By Scott Bessenecker

While I have not read the book Strongmen, I have watched the rise of global leaders who could be described that way. Bombastic, egotistical, self-righteous, excessively confident (and almost always men). They are populist autocrats, and I find their rise to power proportionate to a rise in fear.

This isn’t a new phenomenon, nor is it always relegated to right-wing populism. When people feel threatened by things which seem outside their control, they look for someone unafraid to wield a socio-political baseball bat to set things right. And while this might bring them short-term gains, inevitably the strongman does more harm than good, even to those who supported them.

What troubles me is that we so quickly choose a strongman over dialogue, relationship and trust. When a fear is voiced – Black lives are being destroyed, working class whites are not being heard, immigrants are entering unchecked, Immigrants are suffering injustice at our borders, guns are killing our children, guns are protecting our children – there is always a reason behind that fear which needs to be considered. I have watched, and even participated in, dismissing fears rather than exploring them. Instead we look for the person with the biggest baseball bat to address our fear.

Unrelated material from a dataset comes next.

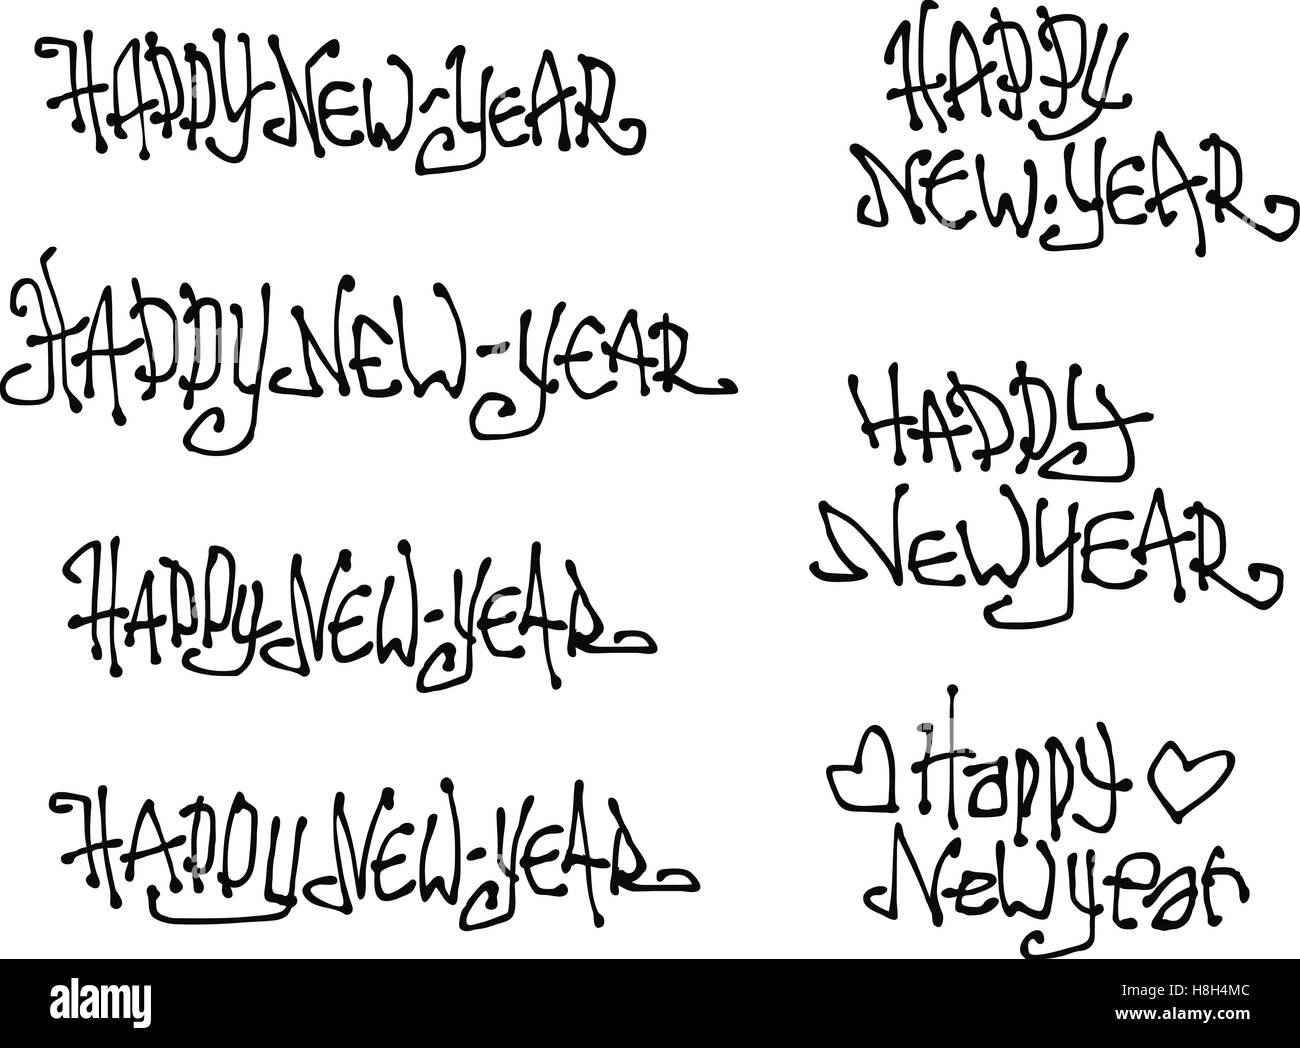 Felice anno nuovo desiderio disegnati a mano ricci liquido i caratteri Graffiti Illustrazione Vettoriale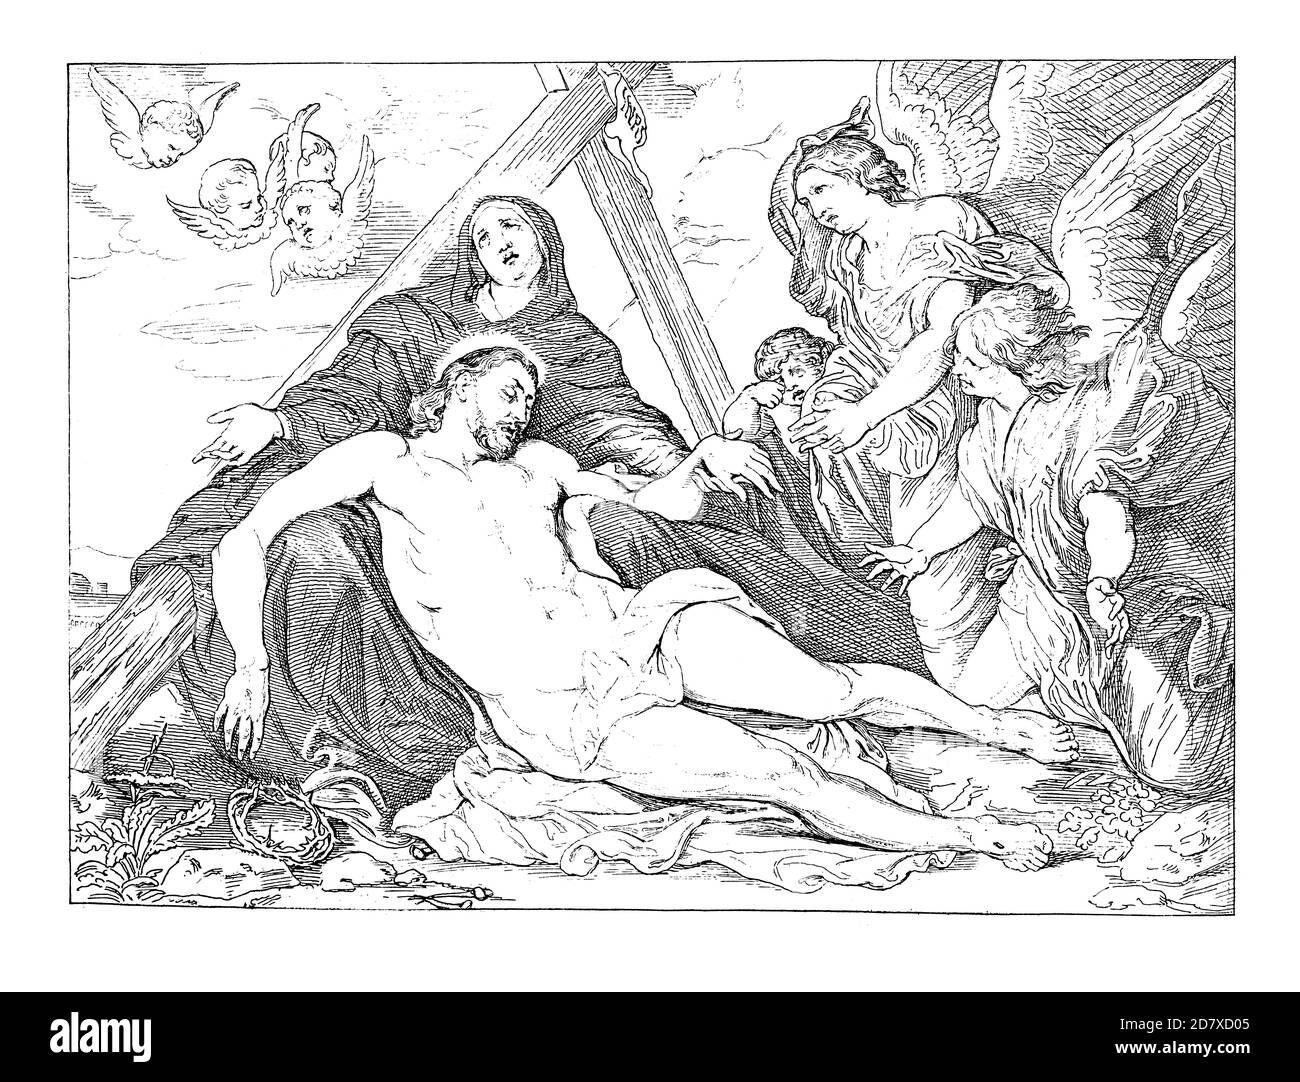 Antica incisione di deposizione della Croce, pittura di Anthony van Dyck. Illustrazione pubblicata in Systematischer Bilder Atlas - Bauwesen, Ikonog Foto Stock

Most fears have some basis in reality, and when those concerns are dismissed, it only serves to exacerbate that fear. Where are the men and women willing to consider the fears of others and grow some empathy? How are we willing to expose our own fears to the light and allow God to put them in proportion to reality? We need to stop looking to strongmen for the answer and begin listening to each other and giving a modicum dignity to the people with whom we disagree.

Let’s quit seeking strongmen and start seeking strong dialogue, strong relationship, and strong trust.